No i potem starość. Już w ogóle aż serce boli, jak się widzi tryb życia starszych osób, tym bardziej mieszkających samotnie. Wstaną rano, zjedzą coś, pójdą do kogoś, zjedzą coś, obejrzą serial, wiadomości, zjedzą coś, i idą spać jak tylko zaczyna robić się ciemno. To już w ogóle jest dla mnie przerażające.
To wszystko to nie musi być jakąś przepowiednią względem naszych żyć, opisuję jedynie to, co często można zobaczyć. Jednocześnie wszędzie dobrze, gdzie nas nie ma - za młodu marzymy o wolności dorosłych, będąc już starszymi, za sprawnością ciała. W sumie to chyba zawsze, większości będzie czegoś brakować.
Jednocześnie myślę, że najlepszym co można zrobić będąc młodym, to już próbować pracować/ wchodzić jakkolwiek w świat biznesu, bo potem to doświadczenie będzie nieocenione, gdy inni zaczną dopiero zapoznawać się z podstawami. Szkołę skończy prawie każdy, nie czyni cię to specjalnie atrakcyjnym na rynku pracy - warto postawić na rzeczywiste umiejętności.
I tak naprawdę myślę, że mało osób jest zadowolonych ze swojego życia. Jednocześnie niemal na wszystko można wpłynąć, jeśli tylko chcemy działać.
No i trafiłam niedawno na ofertę stypendium na studia w Japonii. Nie powiem, lekko serduszko zadrżało, bo jednak fajna sprawa. Wyjeżdżasz wtedy na okres studiów + rok na zajęcia przygotowujące do zdania certyfikatu znajomości japońskiego na jakimś tam przyzwoitym poziomie.
I też ciężko wyszukać niektórych informacji. Na przykład słyszałam, że każdego roku biorą 4 osoby, ale też nie mogę być do końca pewna, bo nie jest to ogłoszone oficjalnie. Tak samo nigdy nie wiadomo, jaka jest konkurencja.
Trzeba wysłać do ambasady Japonii formularz zgłoszeniowy, i świadectwa ze wszystkich lat nauki w szkole średniej (czyli trzeba by było zacząć poważniej myśleć o ocenach), list polecający od dyrektora, kartę badań lekarskich, wyniki matury ( czy egzaminów zawodowych też to nie pisze), no i mile widziany jest już jakiś certyfikacik.

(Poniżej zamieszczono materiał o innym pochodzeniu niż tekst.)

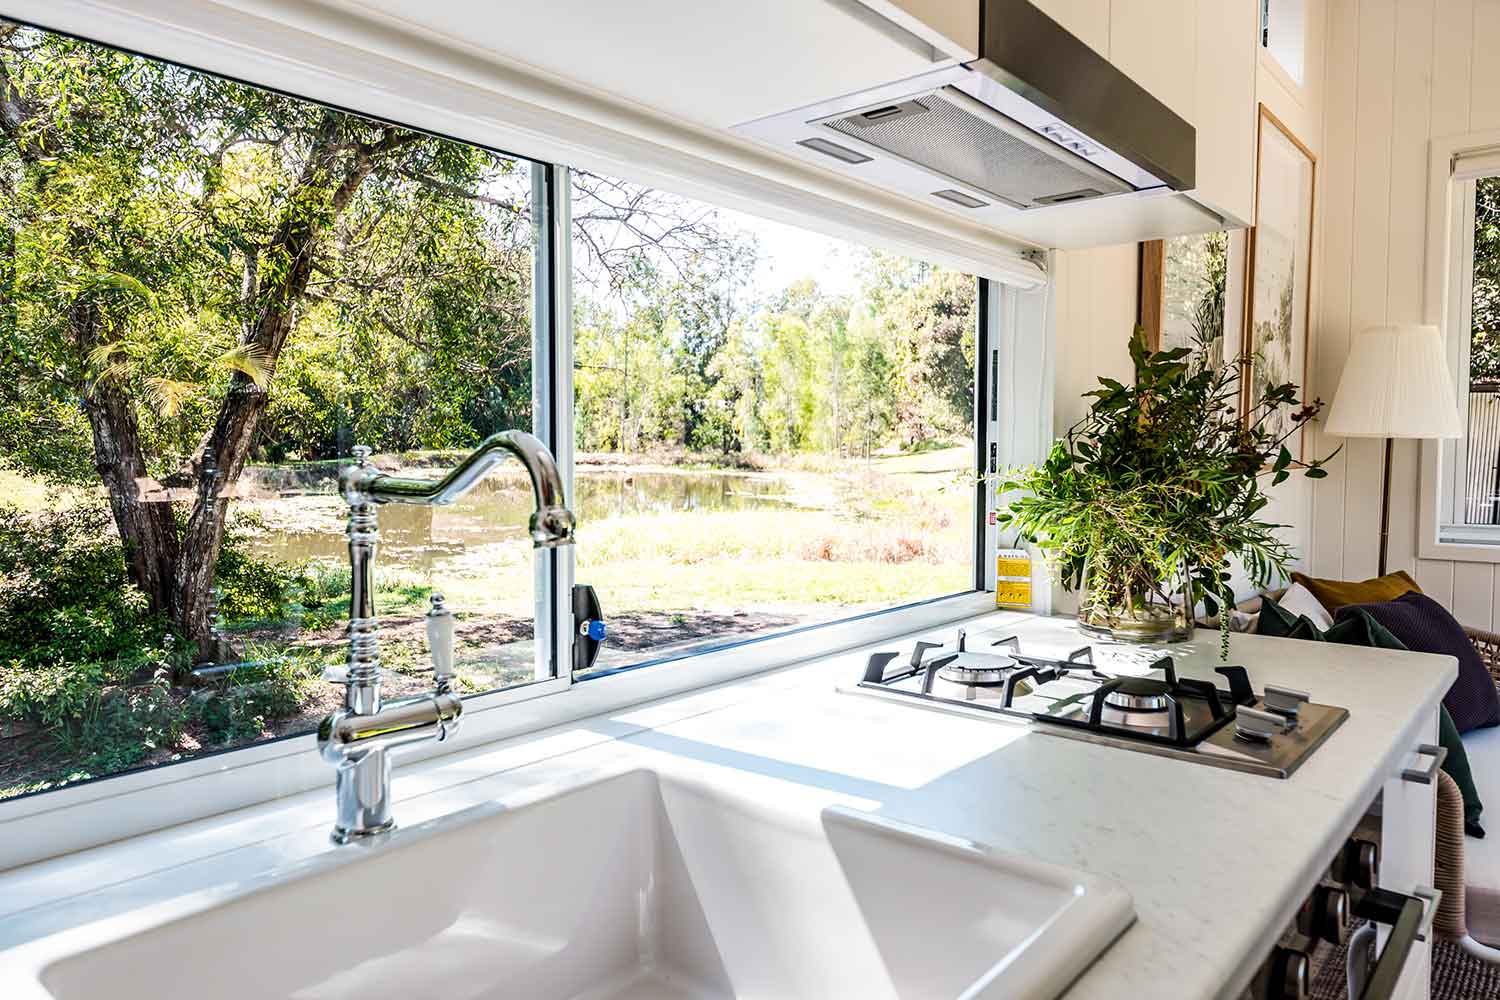 Kitchen Sink - Casuarina 9.0 by Aussie Tiny Houses

No i wiadomo, trochę strach w ogóle się tego podejmować. Jednak wybierają tylko kilka osób, więc ciężko w ogóle myśleć, że ma się większe szanse. No ale to taki sposób myślenia przegrywa, więc to zignoruję. Najłatwiej jest sobie pomyśleć, że i tak będą lepsi, i nawet nie próbować, no i się wędzić w życiu tak jak wyżej jest opisane. Nie jestem w 100% pewna czy bym chciała, no ale jeśli, to bym musiała zacząć myśleć o tym już teraz.
Więc no co... no podejmę się tego, to będzie chociaż jakakolwiek szansa. Nawet jeśli nie pójdzie, przyzwyczai mnie to chociaż do jakiegoś lepszego sposobu myślenia, więc tak czy siak, źle nie wyjdzie. A i nadałoby jakiś sens staraniu się o oceny.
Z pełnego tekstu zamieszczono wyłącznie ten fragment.